--- START ---

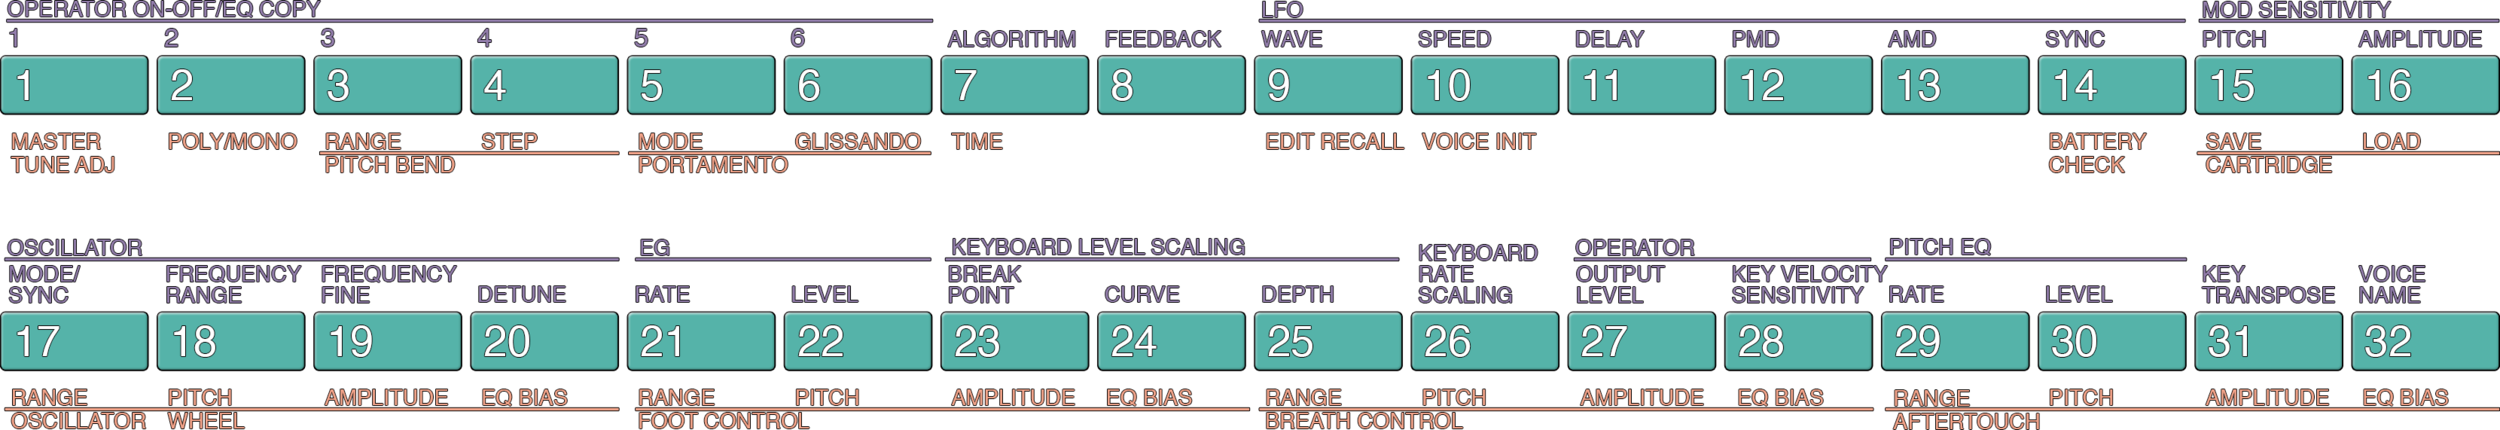 DX7-graphic2-smaller.png
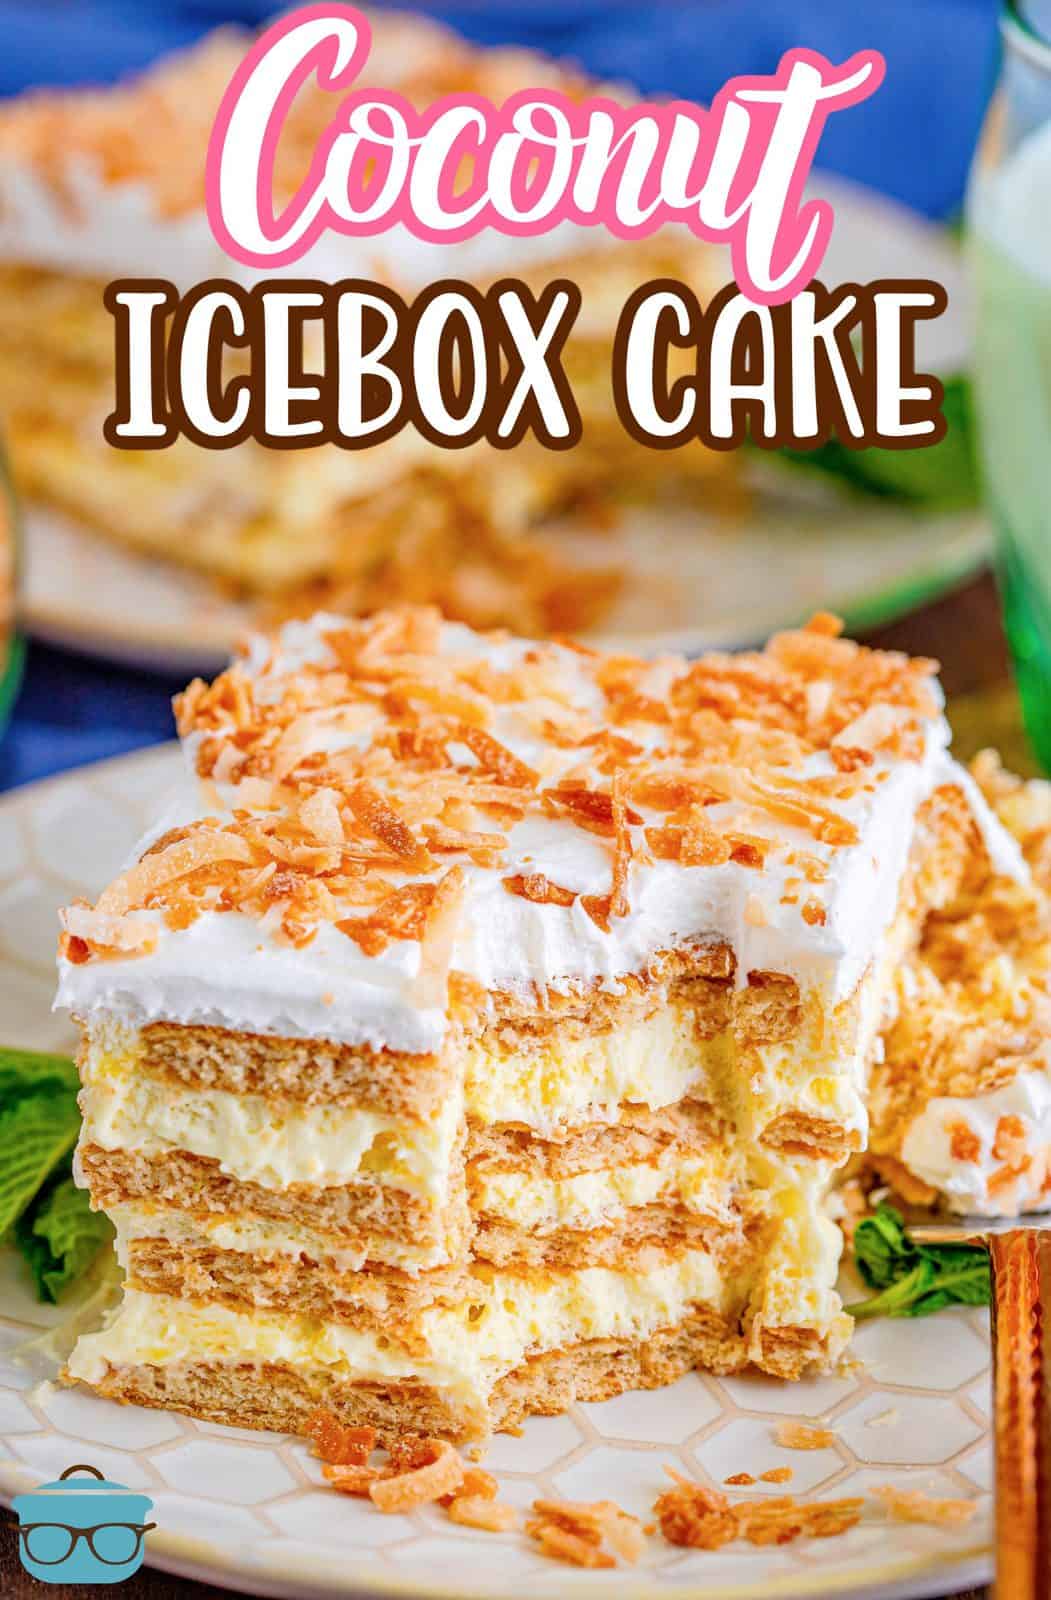 Pinterest image of slice of Coconut Icebox Cake with bite taken out of pice.
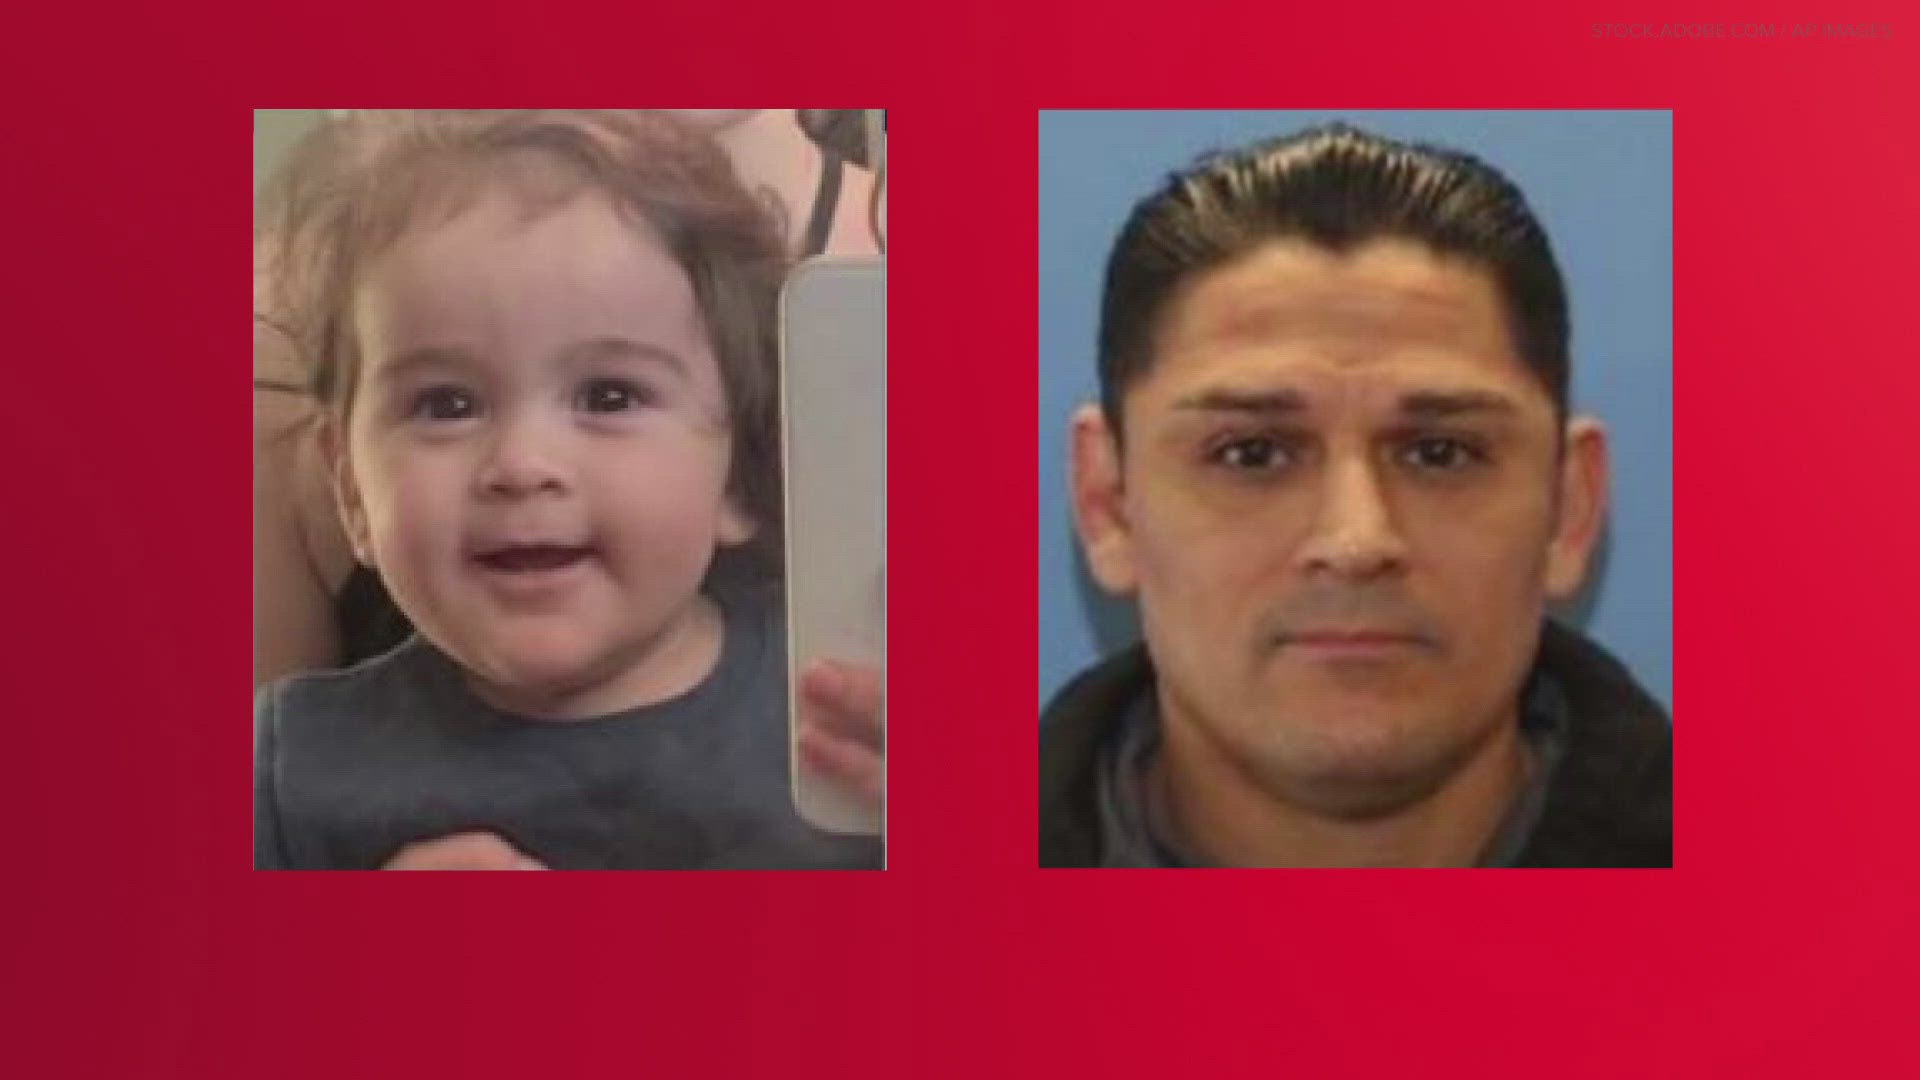 Elias Huizar is suspected of killing his ex-wife and girlfriend in Washington and abducting a 1-year-old, sparking a manhunt. The child is now being cared for.

--- END ---

Your assignment. An unchanged copy of the data, images excluded, is all that should be given.

Answer section.
 DX7-graphic2-smaller.png
 Pinterest image of slice of Coconut Icebox Cake with bite taken out of pice.
 Elias Huizar is suspected of killing his ex-wife and girlfriend in Washington and abducting a 1-year-old, sparking a manhunt. The child is now being cared for.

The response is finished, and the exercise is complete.